These data indicate that in a chamber with nozzles of a length that is not optimal in acoustic conductivity (l / D _k = 0.13), cutting the separation sleeve by l ₁ / d ₁ = 0.66 increases the amplitude of the pulsations when the temperature regime of the oxidizing gas increases from 200 ^o C to 400 ^o C 3 times, trimming by l ₁ / d ₁ = 0.73 - 6 times already at t _gas = 300 ^o C. With elongated nozzles (l / D _k = 0.23), protruding below the middle gazovode bottom in (l ₁ / d ₁ = 0.5), the amplitude of pulsation in the cell increased by only 1.7-fold even under the conditions with _{a gas} t = 540 ^o C. in nominal operation with _gas t = 300 ^o C elongation affectation approx with l / D = 0.13 to _a l / D = 0.23 _to reduced pulsation amplitude of more than 5 times (Figure 4).

In FIG. Figure 3 shows the experimental dependence of the increase in completeness of fuel combustion on the cutting of the separation sleeve with a cylindrical and diffuser channel in front of the tangential openings. From this figure it follows that trimming the separation sleeve to l ₁ / D ₁ = 0.5 does not affect the completeness of fuel combustion, a further increase in trimming to l ₁ / d ₁ = 1.46 increased the completeness of fuel combustion by 3%, the diffuser the central channel immediately in front of the tangential openings - another 0.5%.

 In FIG. 1 shows a combustion chamber.

 In FIG. 2 - the central channel of the nozzles.

In FIG. 3 - dependence of the completeness of combustion on the ratio l ₁ / d ₁ .

 In FIG. 4 - dependence of the amplitude of pressure pulsations on temperature.

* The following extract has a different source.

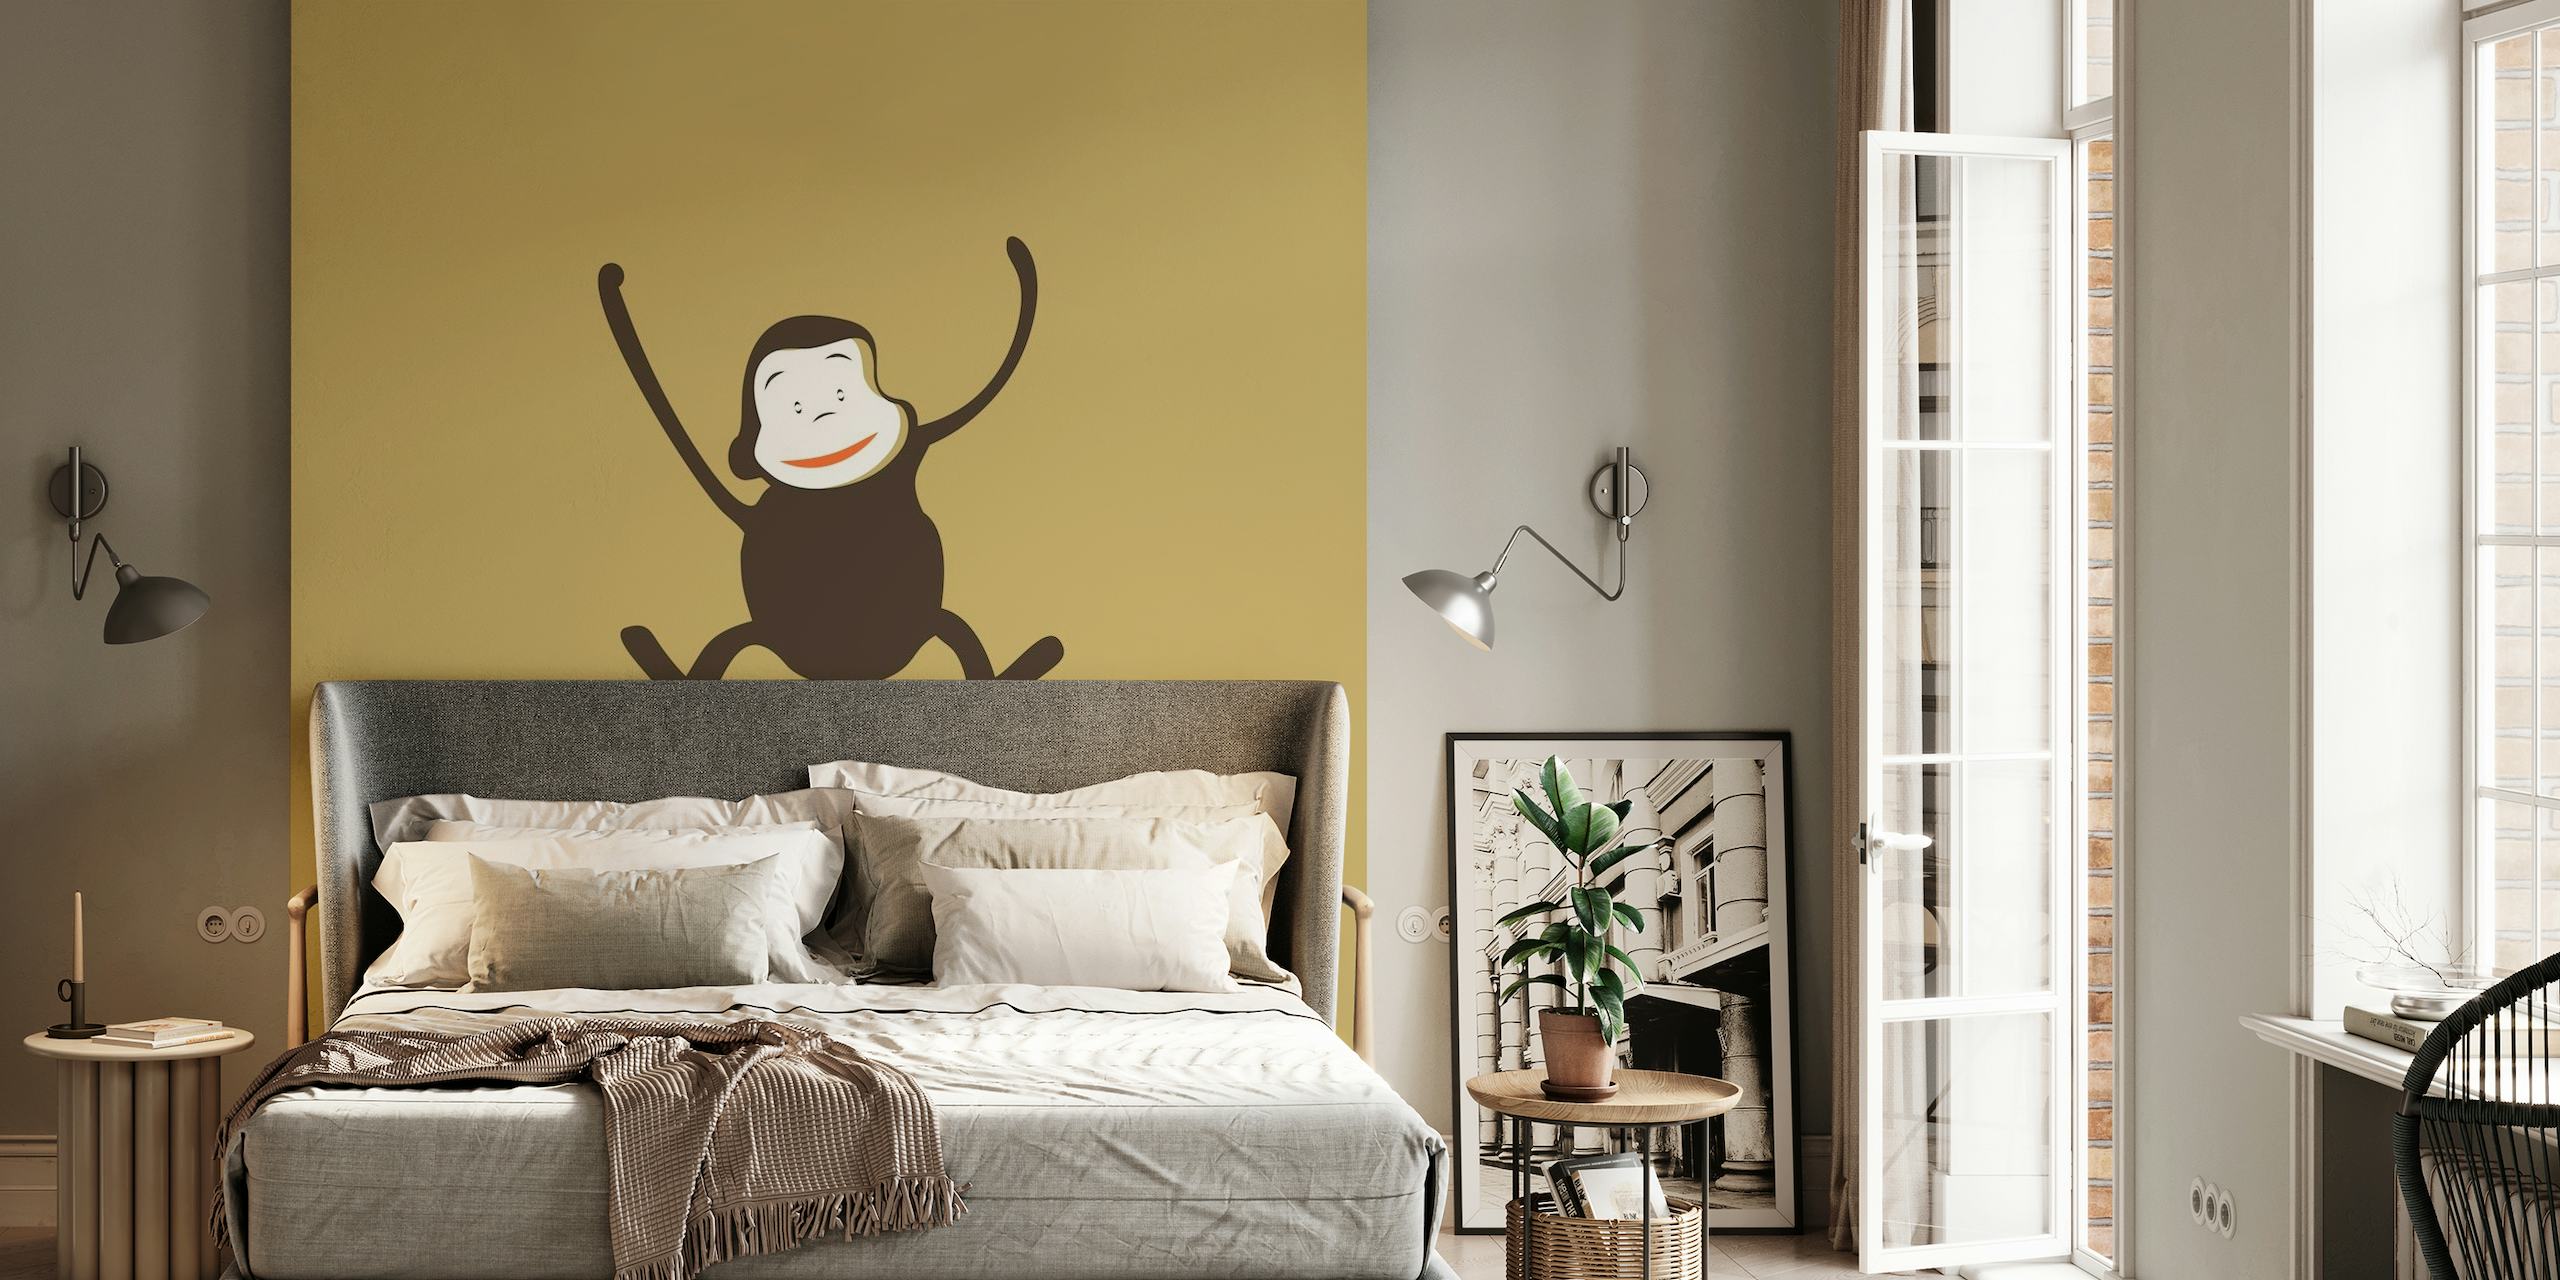 Illustratie van een speelse aap op een mokkabruine muurschildering als achtergrond

Общая длина центрального канала форсунки выбрана из условия обеспечения максимальной акустической проводимости.A sketch of the proposed combustion chamber is shown in FIG. 2. The combustion chamber contains a gas duct 1, wall 2 and main 3 two-component nozzles, a middle bottom 4, a fire bottom 9. The central channel 5 is made with a diameter d ₃ at the inlet, has a diffuser 6 with an output diameter d ₂ and a mixing chamber 11 with tangential openings 7 At the junction of the diffuser 6 with the mixing chamber 11, a step 10 is made equal to the diameter of the tangential holes d _t . The main nozzles 3 protrude above the middle bottom 4 and the gas duct 1 to a length l _{3 of} at least 0.5 of the total length of the central channel. The length of the mixing chamber 11 is made of length l ₁ = (1.4 ... 1.5). The gas permeability of the nozzles, equal to the ratio of the total area of the central channels of the nozzle to the area of the combustion zone 11 of the chamber, is assigned by the condition:

The total length of the central channel of the nozzle is selected from the condition of ensuring maximum acoustic conductivity.

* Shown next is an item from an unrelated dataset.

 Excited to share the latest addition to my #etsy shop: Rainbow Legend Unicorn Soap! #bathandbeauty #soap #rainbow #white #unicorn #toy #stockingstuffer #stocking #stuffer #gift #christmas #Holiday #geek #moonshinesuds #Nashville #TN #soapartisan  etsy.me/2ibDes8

 Oxygen-rich generator gas flows from the gas duct 1 through the central channel 5 of the nozzles 3 and through the diffuser 6 into the mixing chamber 11, using the tangential holes 7 in the mixing chamber 11, the liquid component is twisted around the gas stream and mixed with it. The resulting mixture enters the combustion zone 8. The wave energy generated in the combustion zone is carried out through the central channels of 5 nozzles in the gas duct 1, where it dissipates between the 4 nozzles protruding above the middle bottom. The maximum removal of wave energy is provided by optimizing the length and diameter of the central channel to achieve maximum acoustic conductivity.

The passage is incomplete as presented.